The coronavirus pandemic has been a disaster for Jordan's tourism industry and for its economy as a whole, which suffered its worst contraction in decades last year.
"I felt despair, there was no income, no work, there was no support for shop owners," Nassar said.
Now foreign tourists are starting to trickle back, and the situation is looking more hopeful, he said.
The European Union last week included Jordan among a dozen new epidemiologically safe countries as of July 1, and government efforts to revive the tourism sector appear to be paying off.
Officials this month announced special measures for Jordan's 'golden triangle', which includes famous sites such as the ancient city of Petra, Wadi Rum and crusader castles, closing the area off to all but the fully vaccinated.
At the start of July the government also lifted most lockdown measures after a sharp drop in infections, reopening gyms, pools and night clubs in hotel facilities.

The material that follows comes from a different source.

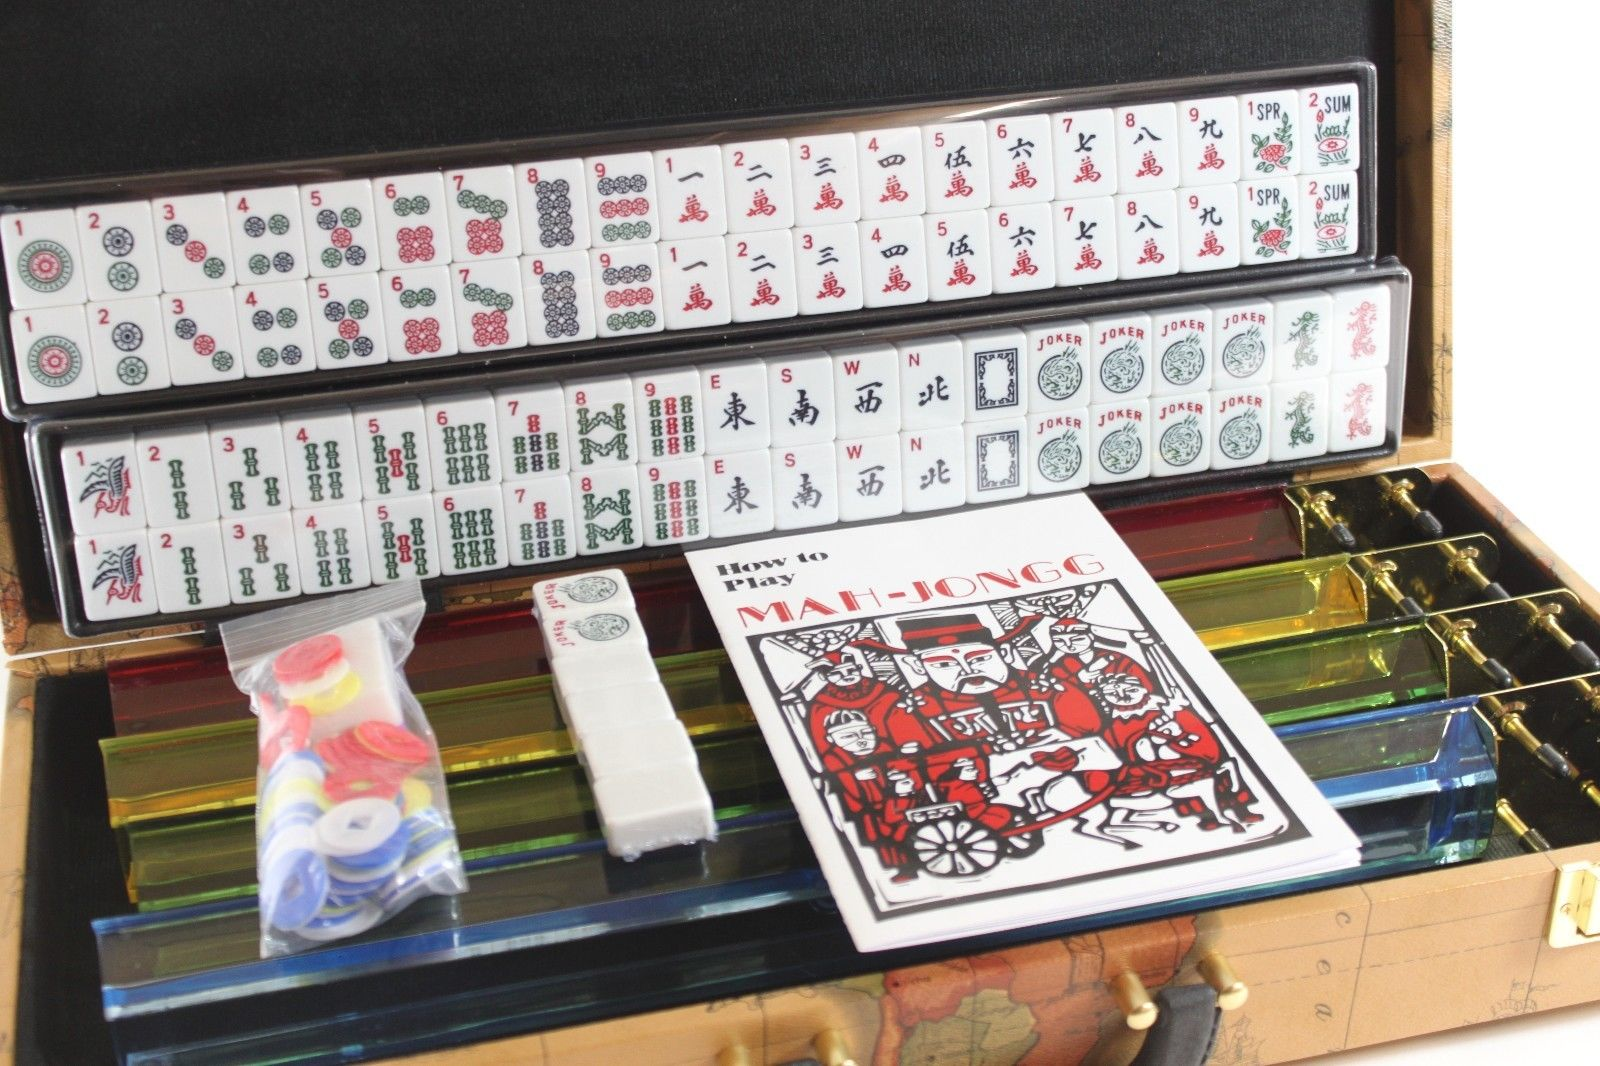 Mah-jongg with joker tiles castle game of 4 walls mahjong ...

"At the height of the crisis, hotel occupancy did not exceed 2% or 3%," Abdul Hakeem al-Hindi, the head of Jordan Hotels Association, told Reuters.
Now occupancy rates in some of Jordan's main tourist centres are back up to 40-50% in the Dead Sea and the Red Sea port city of Aqaba and around 30% in Amman, the latter driven by returning tourists from the Gulf, latest hotel industry figures show.
The government is also taking other steps to get the number of foreign tourists back to the record 3 million visitors Jordan received in 2019, many of whom arrived on low cost European carriers led by Ryanair which resumed flights last month.
It includes subsidising charter flights with around $60 for every passenger if they stay in Jordan for a week, said Abdelrazzak Arabiyat, director of the Jordan Tourism Board.
He expected the Russian market to grow the fastest in the coming months.
But Hindi said a revival would take time. "We need at least two years to return to what we were," he said.